◆ **RECORDS SUPPLIED**:
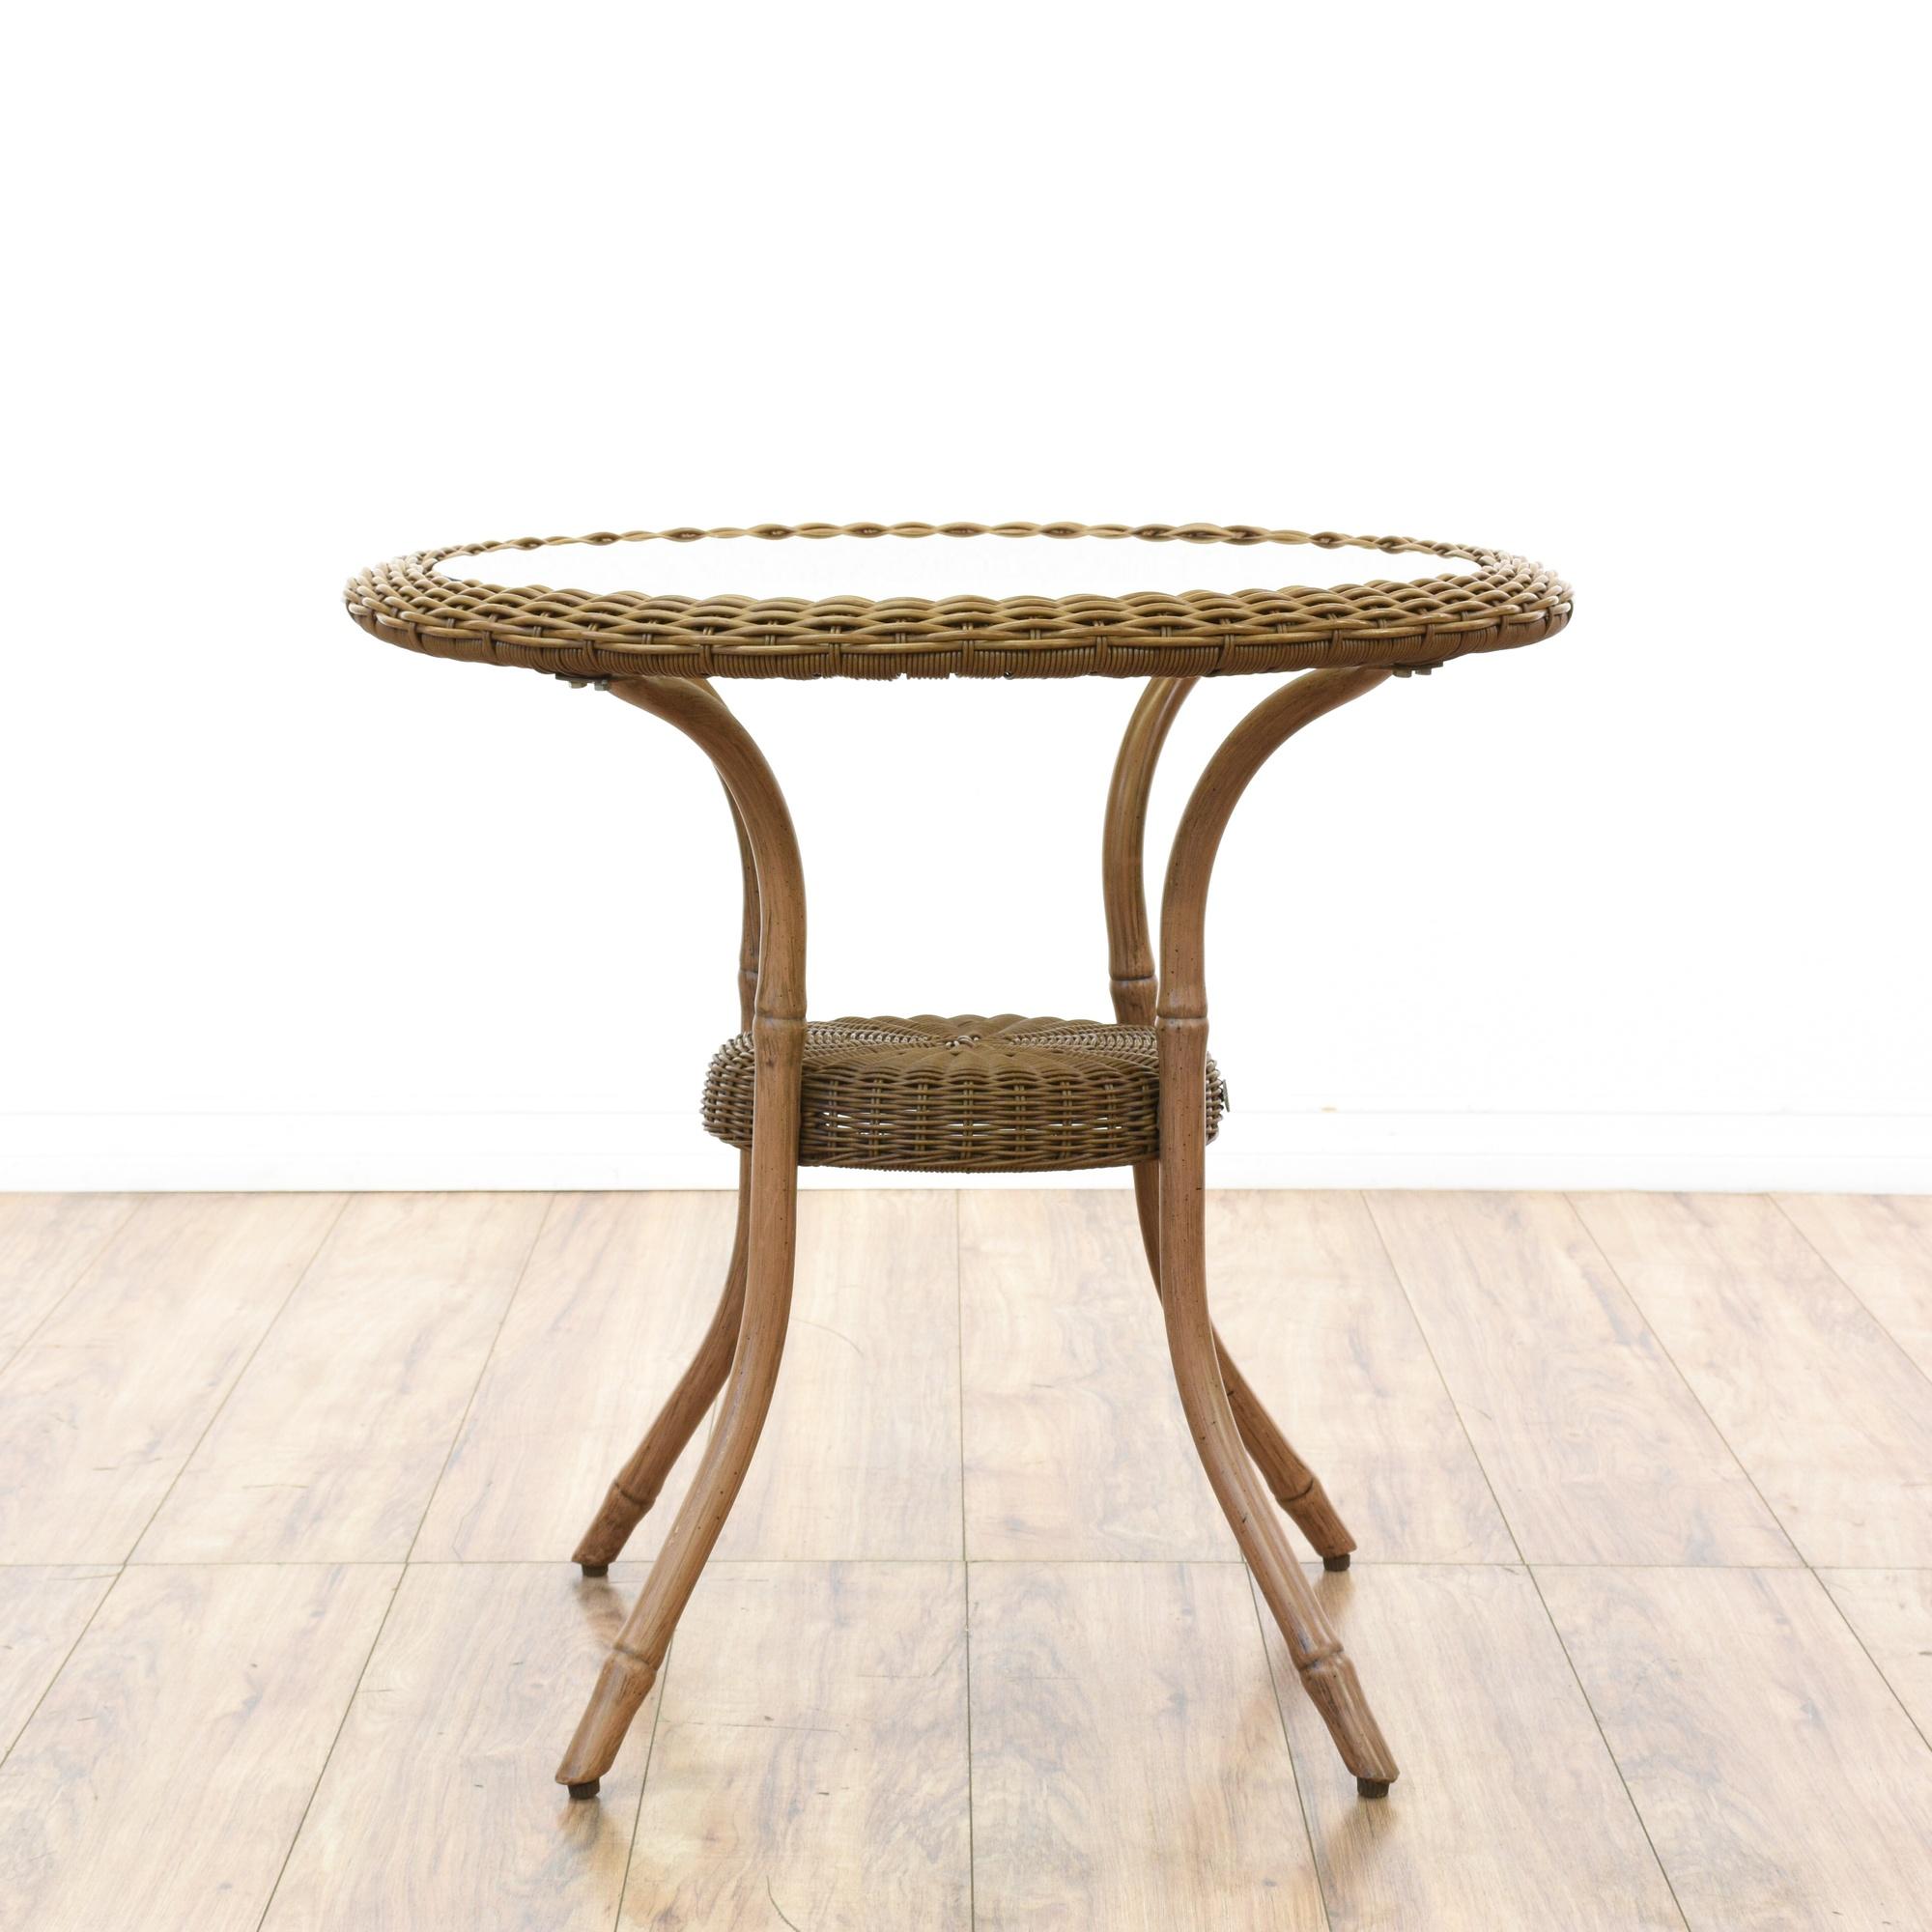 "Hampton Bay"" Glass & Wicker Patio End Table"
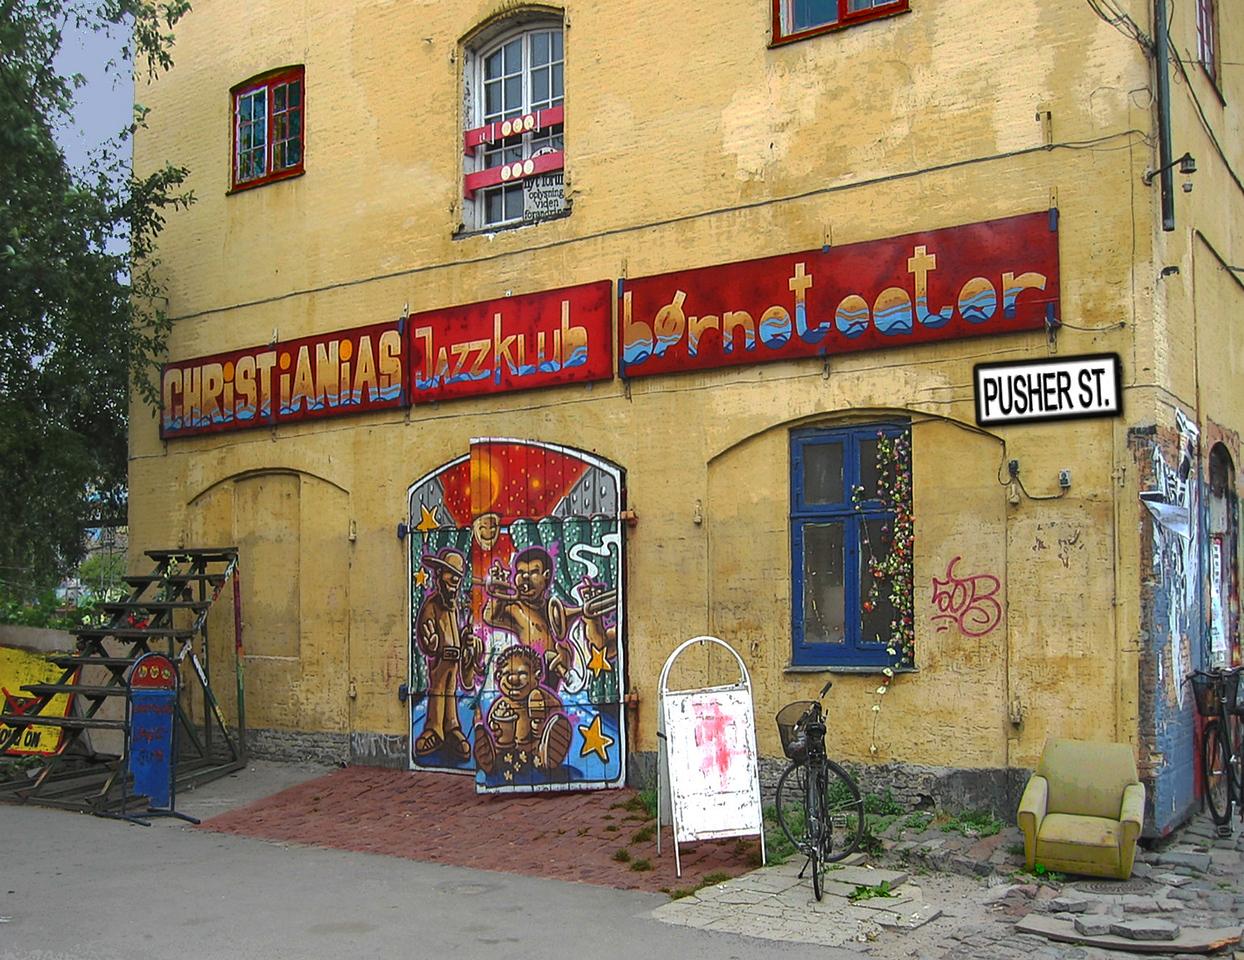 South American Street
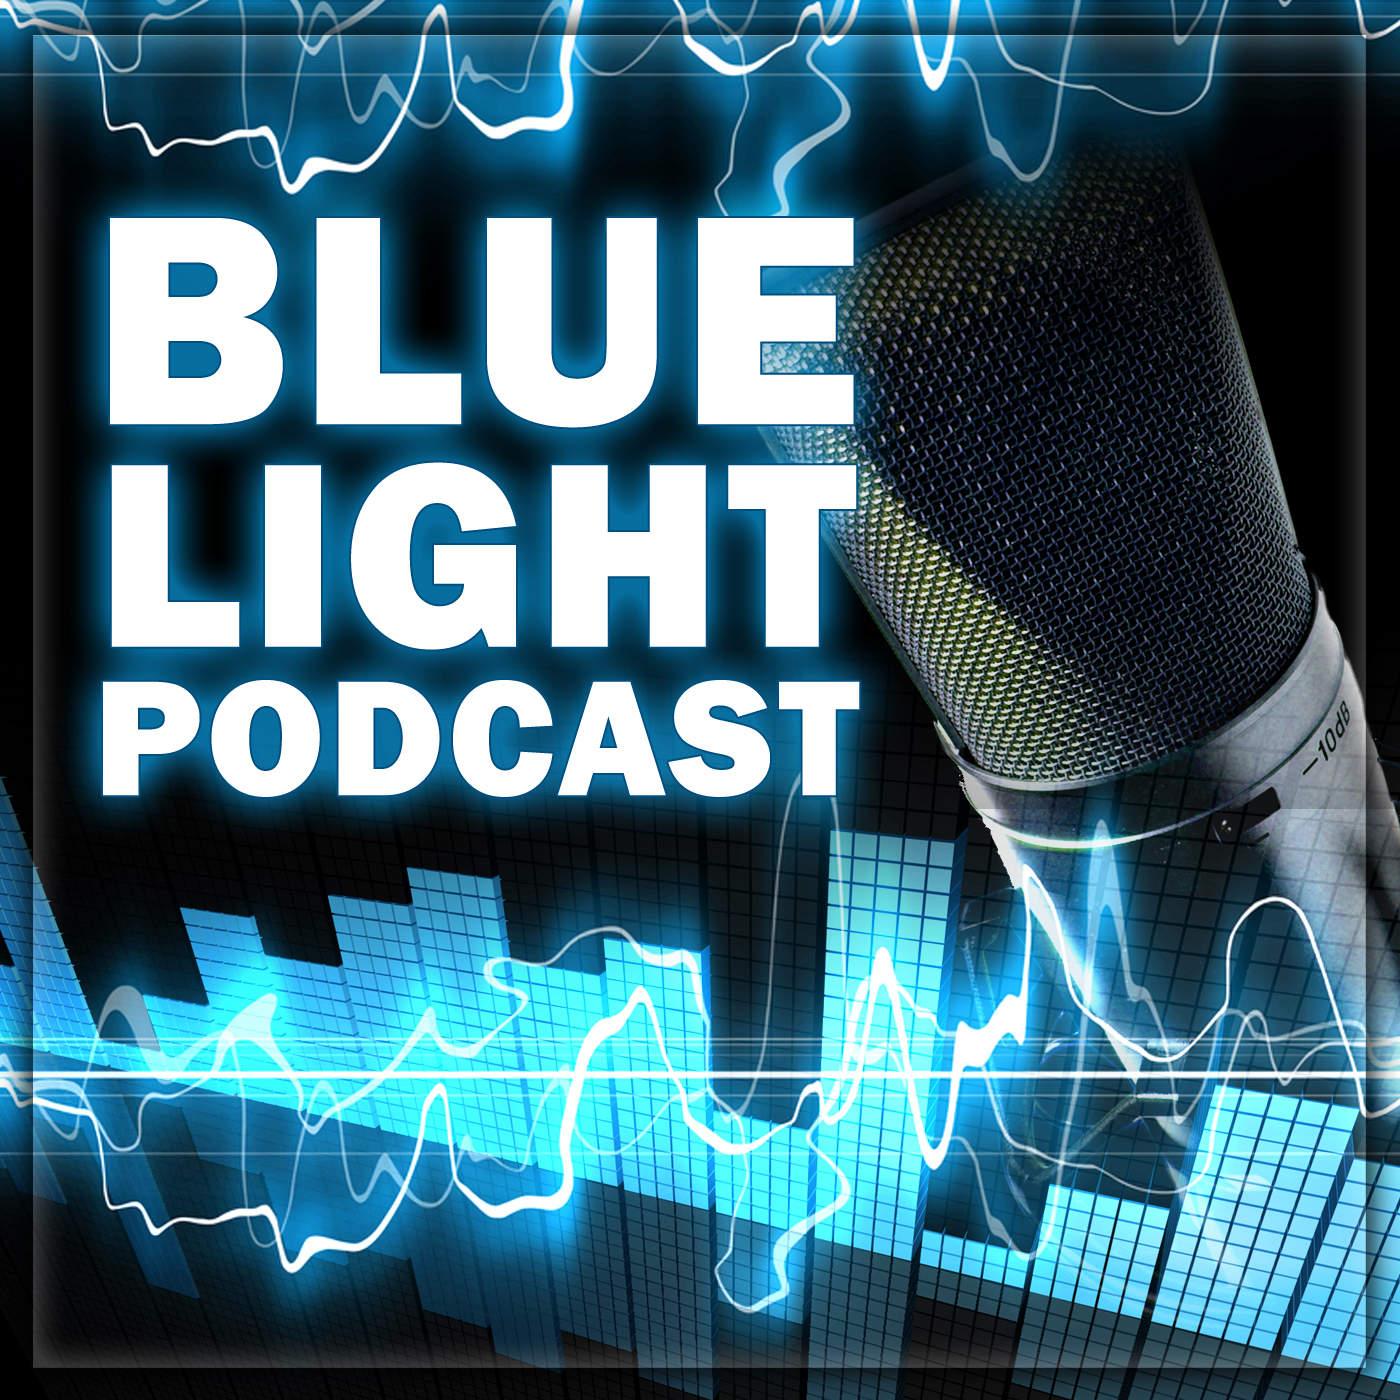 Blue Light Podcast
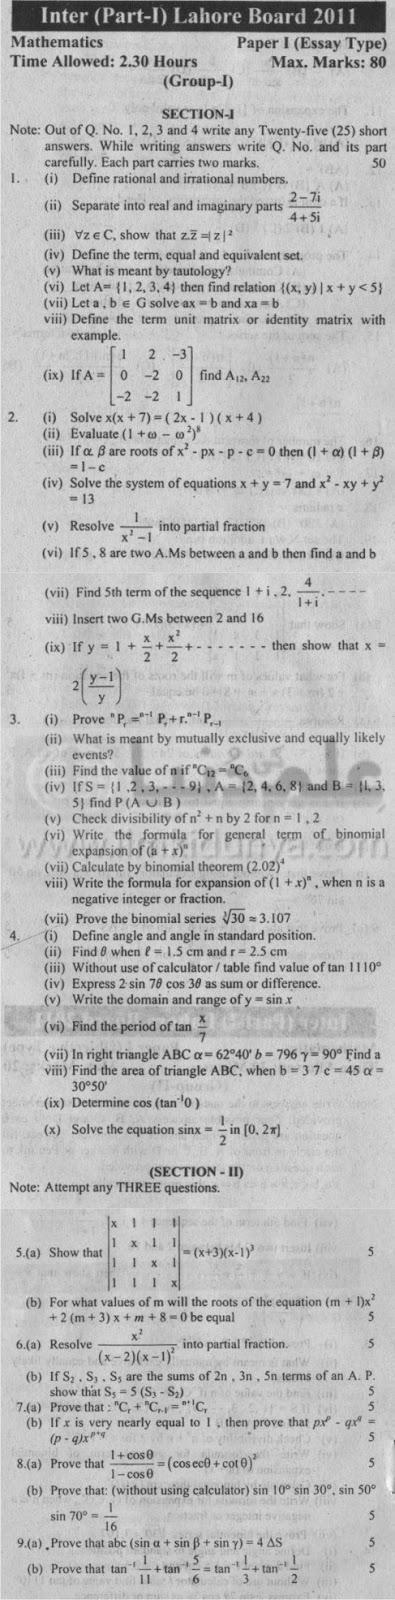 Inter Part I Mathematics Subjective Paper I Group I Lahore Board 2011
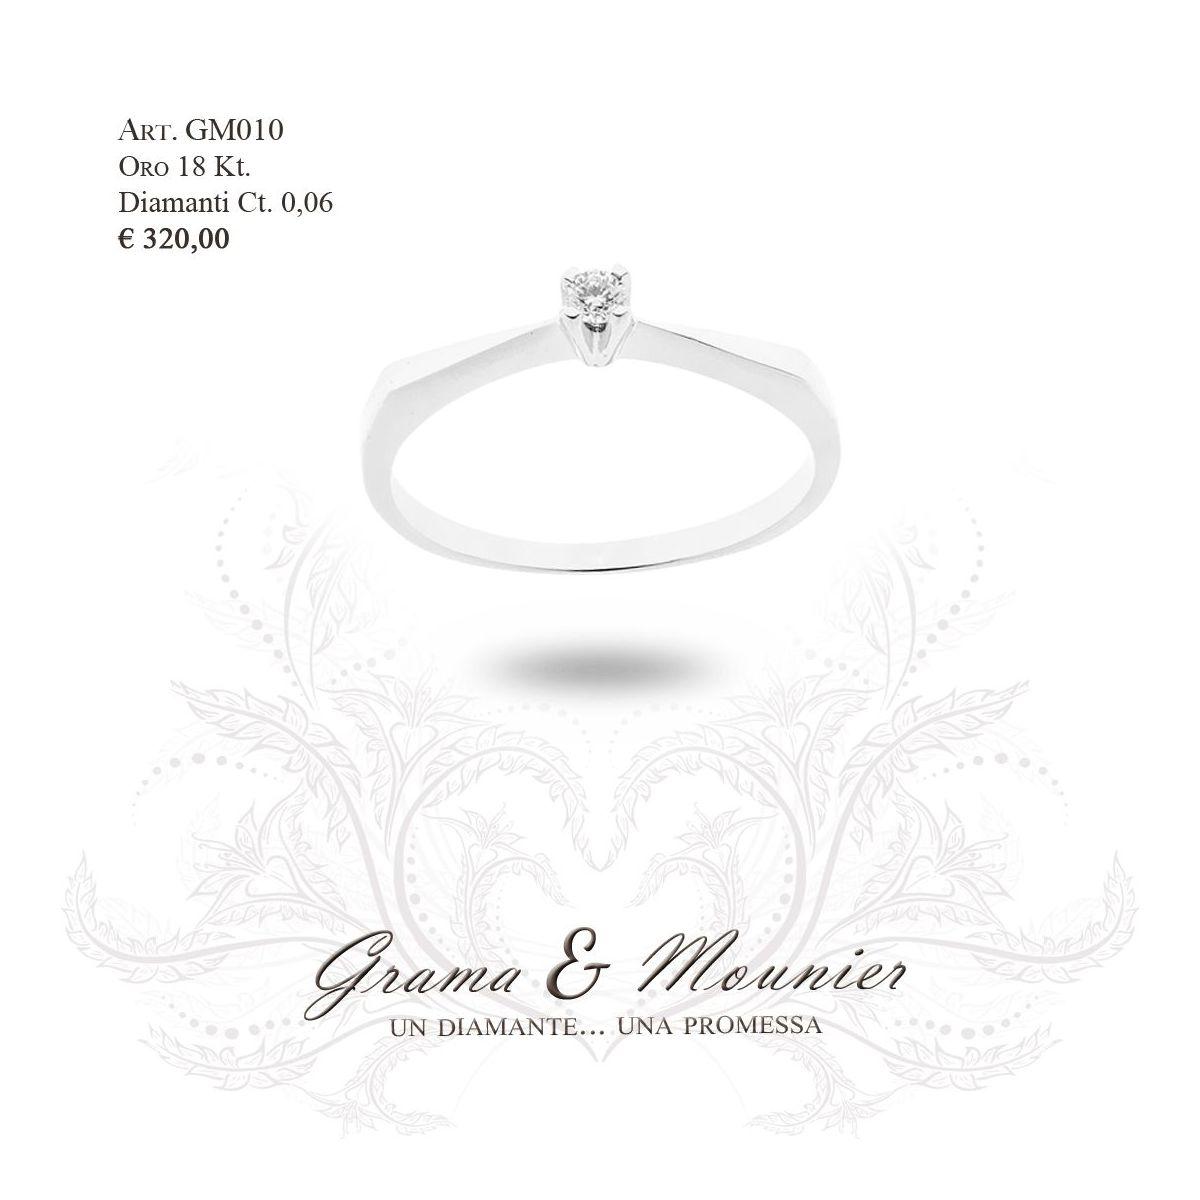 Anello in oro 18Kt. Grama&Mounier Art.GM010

◆ **DIRECTIONS**: Your copy should hold exactly the lines from the one that contains "South American Street" through the final line of the data, both ends included, and no pictures.

◆ **EXERCISE RESULT**:
 South American Street
 Blue Light Podcast
 Inter Part I Mathematics Subjective Paper I Group I Lahore Board 2011
 Anello in oro 18Kt. Grama&Mounier Art.GM010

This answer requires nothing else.